This new approach is a replacement for D37195.
Motivation:
InstCombine algorithm runs with high complexity (as it keeps running till there is no change to the code), thus it requires that each piece inside the outer loop, have a very small complexity (preferable O(1)).
Problem
There are instruction patterns that costs more than O(1) to identify and modify, thus it cannot be added to the InstCombine algorithm.
Solution
AggressiveInstCombine pass, which will run separately from InstCombine pass, and can perform expression pattern optimizations, which might take each up to O(n) complexity, where n is number of instructions in the function.
I introduced in this patch:
- The AggressiveInstCombiner class is the main pass that will run all expression pattern optimizations.
- The TruncInstCombine class, first added expression pattern optimization.
TruncInstCombine currently supports only simple instructions such as: add, sub, and, or, xor and mul.

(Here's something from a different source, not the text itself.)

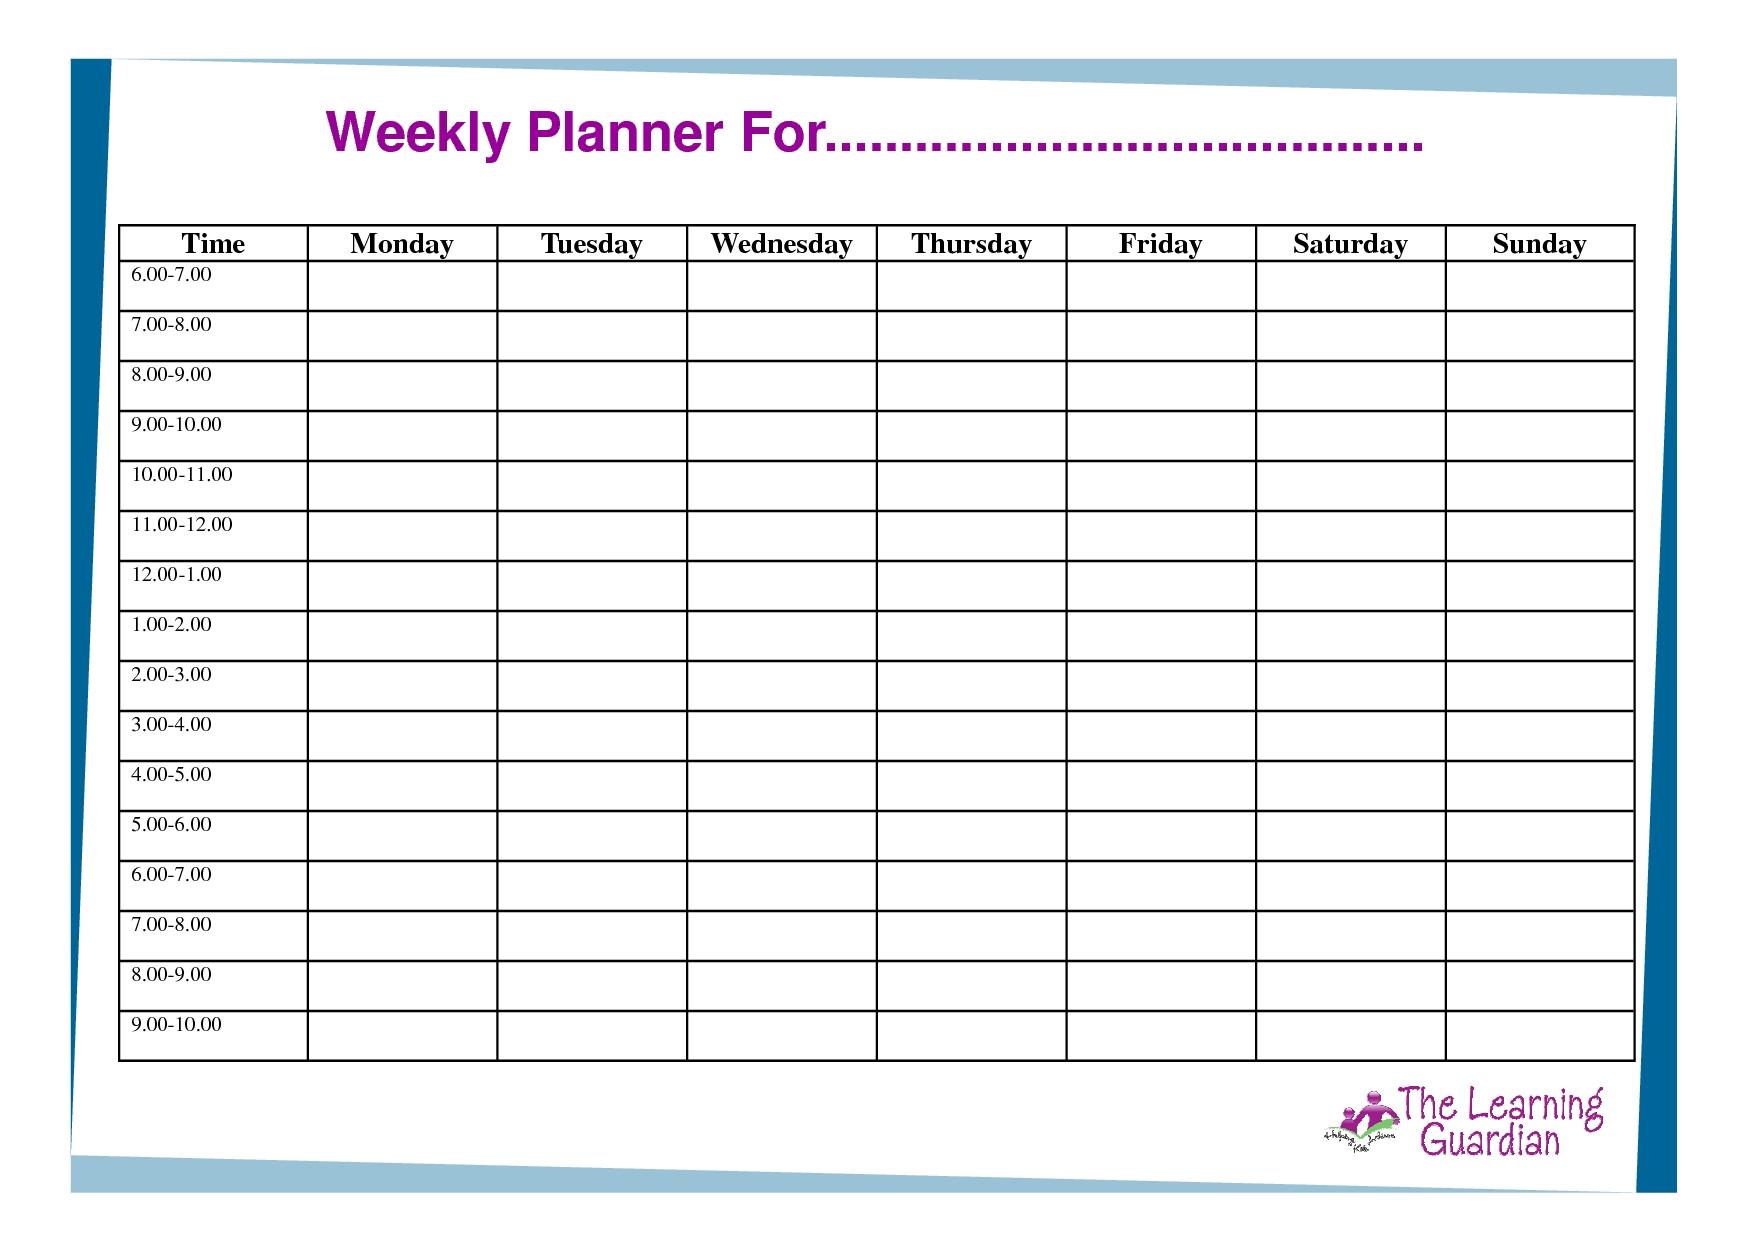 Printable Time Of Day Calendar  Calendar Inspiration Design for Free Printable Daily Calendar With Time Slots

The main difference between this and the canEvaluateTruncated from InstCombine is that this one supports:
- Instructions with multi-use, as long as all are dominated by the truncated instruction.
- Truncating to different width than the original trunc instruction requires. (this is useful if we reduce the expression width, even if we are not eliminating any instruction).
Next I will add to this TruncInstCombine class the following support, each in a separate patch:
- select, shufflevector, extractelement, insertelement
- udiv, urem
- shl, lshr, ashr
- phi node (and loop handling)